Label1 DataA1 DataB1 DataC1
Label2 DataA2 DataB2 DataC2
Label3 DataA3 DataB3 DataC3
Currently, I have
join fileA fileB | join - fileC
However, I have too many files to make it practical to list all of them - is there a way to write a loop for this sort of command?
Upvotes: 5
Views: 3347
Reputation: 75498
With bash you could create a script that does a recursive pipe exec for join:
#!/bin/bash
if [[ $# -ge 2 ]]; then
function __r {
if [[ $# -gt 1 ]]; then
exec join - "$1" | __r "${@:2}"
else
exec join - "$1"
fi
}
__r "${@:2}" < "$1"
fi
And pass the files as parameters to the script like:
bash script.sh file*
Or a sorted form like:
find -type f -maxdepth 1 -name 'file*' -print0 | sort -z | xargs -0 bash script.sh
Upvotes: 4
Reputation: 75498
With awk you could do it like this:
awk 'NF > 0 { a[$1] = a[$1] " " $2 } END { for (i in a) { print i a[i]; } }' file*
If you want to sort your files:
find -type f -maxdepth 1 -name 'file*' -print0 | sort -z | xargs -0 awk 'NF > 0 { a[$1] = a[$1] " " $2 } END { for (i in a) { print i a[i]; } }'
Sometimes for (i in a) populates the keys not in the order that they were added so you could also sort it but this is only available in gawk. The idea of mapping keys in an indexed array for the order is only possible if column 1 doesn't have differences.
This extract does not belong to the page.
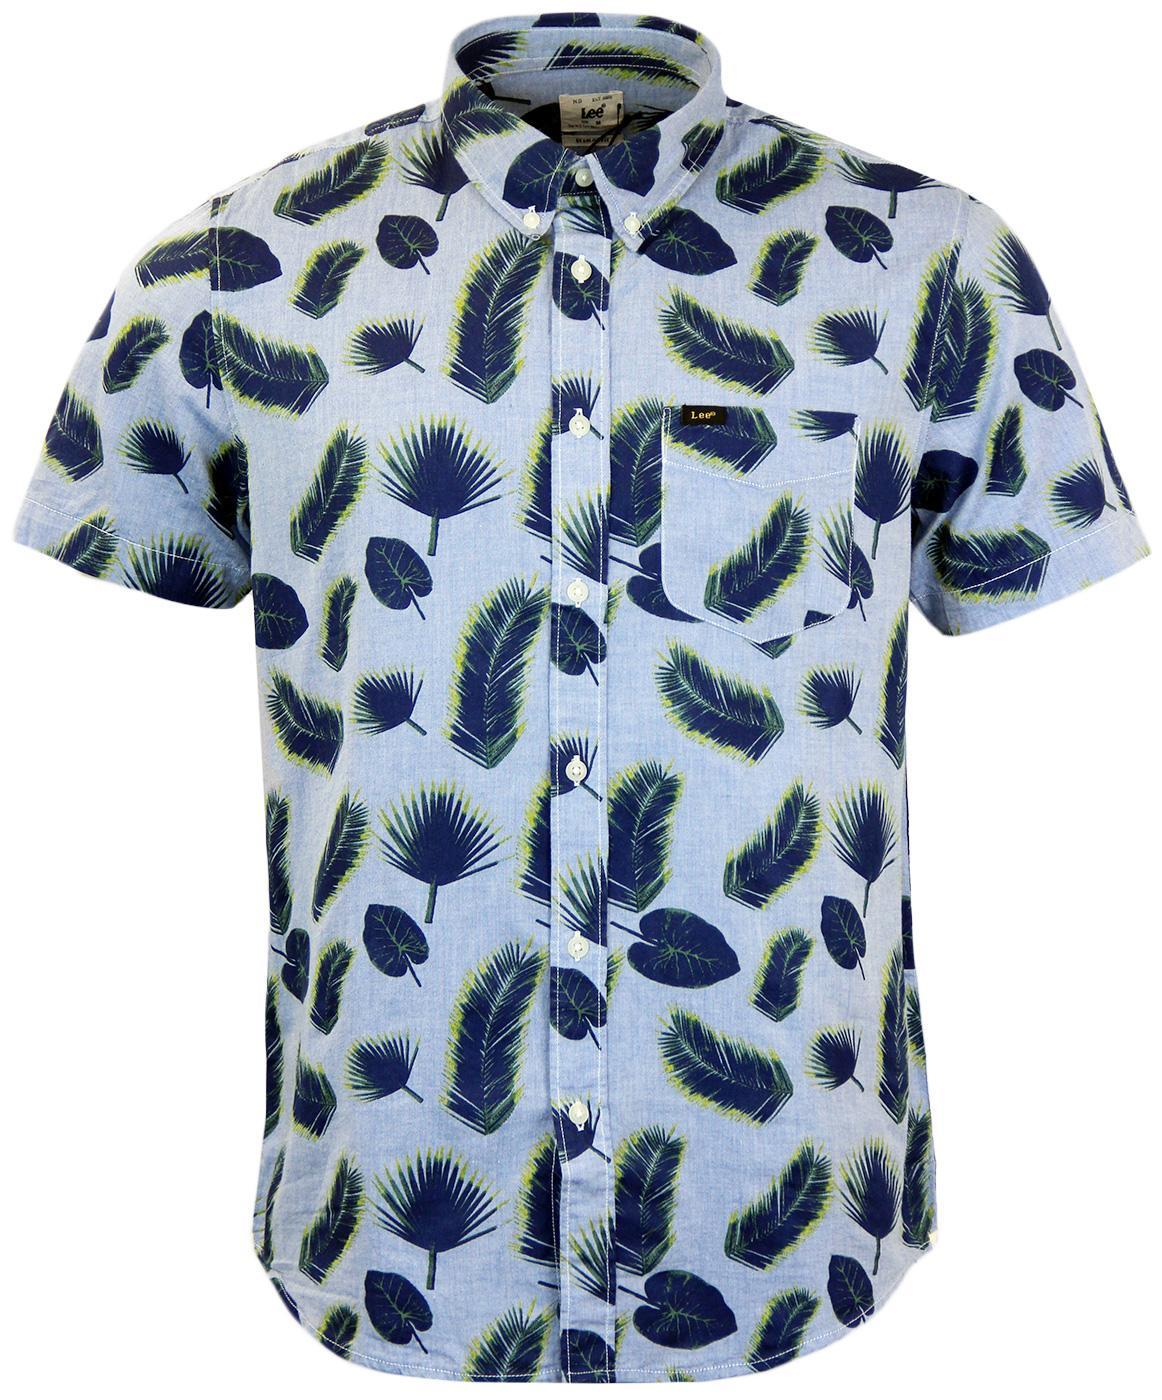 LEE Retro Mod Button Down Feather Print Shirt

gawk 'NF > 0 { a[$1] = a[$1] " " $2 } END { count = asorti(a, b); for (i = 1; i <= count; ++i) { j = b[i]; print j a[j]; } }' ...
Upvotes: 2
Reputation: 33327
This script joins multiple files together (The files are file*
).
#!/bin/bash
# Create two temp files
tmp=$(mktemp)
tmp2=$(mktemp)
# for all the files
for file in file*
do
# if the tmp file is not empty
if [ -s "$tmp" ]
then
# then join the tmp file with the current file
join "$tmp" "$file" > "$tmp2"
else
# the first time $tmp is empty, so we just copy the file
cp "$file" "$tmp2"
fi
cp "$tmp2" "$tmp"
done
cat "$tmp"
I admit that it is ugly, but it seems to work.
Upvotes: 0